Kelly shook her head, pulled out her cellphone, and started writing a text-message to a friend. “You’re fucked,” she said.
“Hey! Watch the language. And if you don’t want to know about my dreams, don’t ask about them.”
They rode the rest of the way to Kelly’s school in silence. When she finally stepped out of the car, she motioned for him to roll down the passenger window.
“Hey dad. I forgot to tell you that Jeff and I were out on the pier last night.”
John gave a defeated nod. “That’s great, Kell. And what was going on there?” He didn’t want to hear the answer.

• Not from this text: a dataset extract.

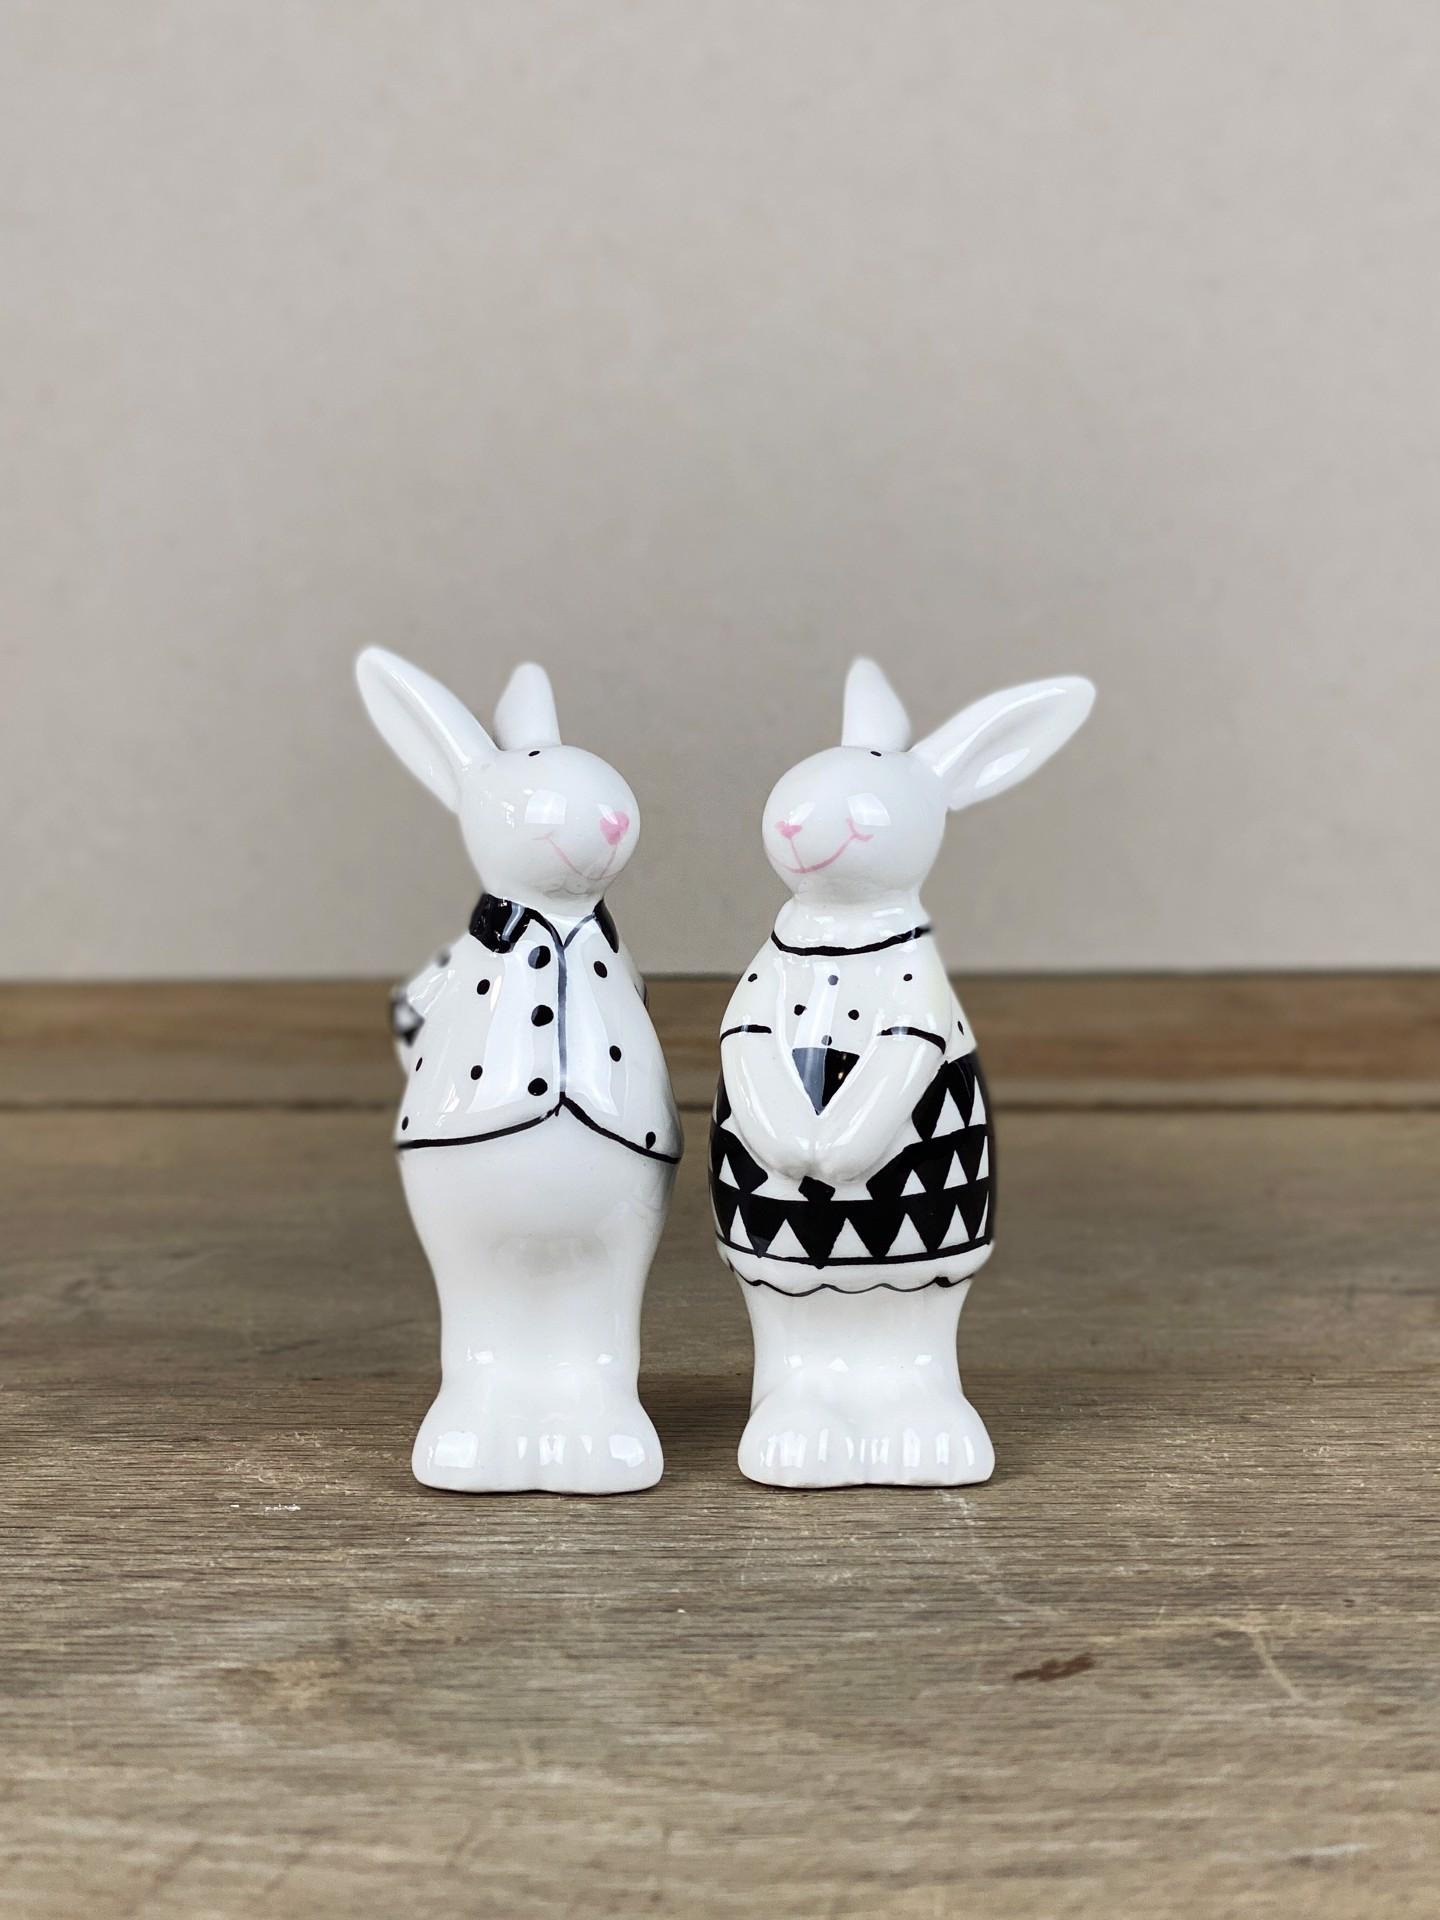 Osterhasen-Pärchen Keramik

“Well of course we were making out, but that’s not the point. The point is that both of us had fishing lines in the water, and Jeff pulled up this huge thing he said was a flounder. You should’ve seen how huge it was.”
John tilted his coffee to his mouth and pursed his lips as he swallowed. “And why are you telling me this?”
For the first time that morning, a look of uncertainty spread across Kelly’s face. “Well, isn’t that what’s been bugging you? The fish?”
John suddenly felt a golden wave of relief wash over his heart. But he fought off the smile that was tugging at the corners of his mouth. “I don’t know what you’re talking about,” he said, knowing now that Kelly hadn’t seen him in the attic window the night before. He told Kelly he loved her and pulled away from the curb. He checked the rear-view mirror and saw her on the sidewalk, watching him leave. Now he allowed himself to grin.
But something was still nibbling him when he sat down at his desk that morning. It was muggy in the insurance office, and the lazy ceiling fan above him was doing nothing to improve things.
“Hey,” he called to one of his colleagues, an obese claims processor named Bill Waters who was ambling past his office. “I've got a quick question for you.”
Bill turned and entered the office without a word. His upper lip dangled slightly over his lower.
“You ever fish down at the harbour?”
Bill nodded.
“Ever catch any flounder down there?”
Bill needed a moment, but eventually nodded again. Now John felt his discomfort lessen significantly.
“And how big can those things get?”
Bill puckered his lips and made a couple of farting sounds. “‘Bout seven pounds, if they’re big.”
John smiled and lowered his head to his morning’s work. Bill waited for him to give some explanation for the questions, but it never came, so he eventually moved away from the door.
“Bill, wait!” John called.
The man slunk back to the door.
“Does a flounder look anything like a salmon?”
Bill threw back his head and hooted. His posture snapped straight, and it seemed as though he'd suddenly grown three inches taller. “Not even close, John,” he said, then turned to vanish from the doorway.
John sat in silence for the next minute or so, then surrendered to a fit of violent giggling.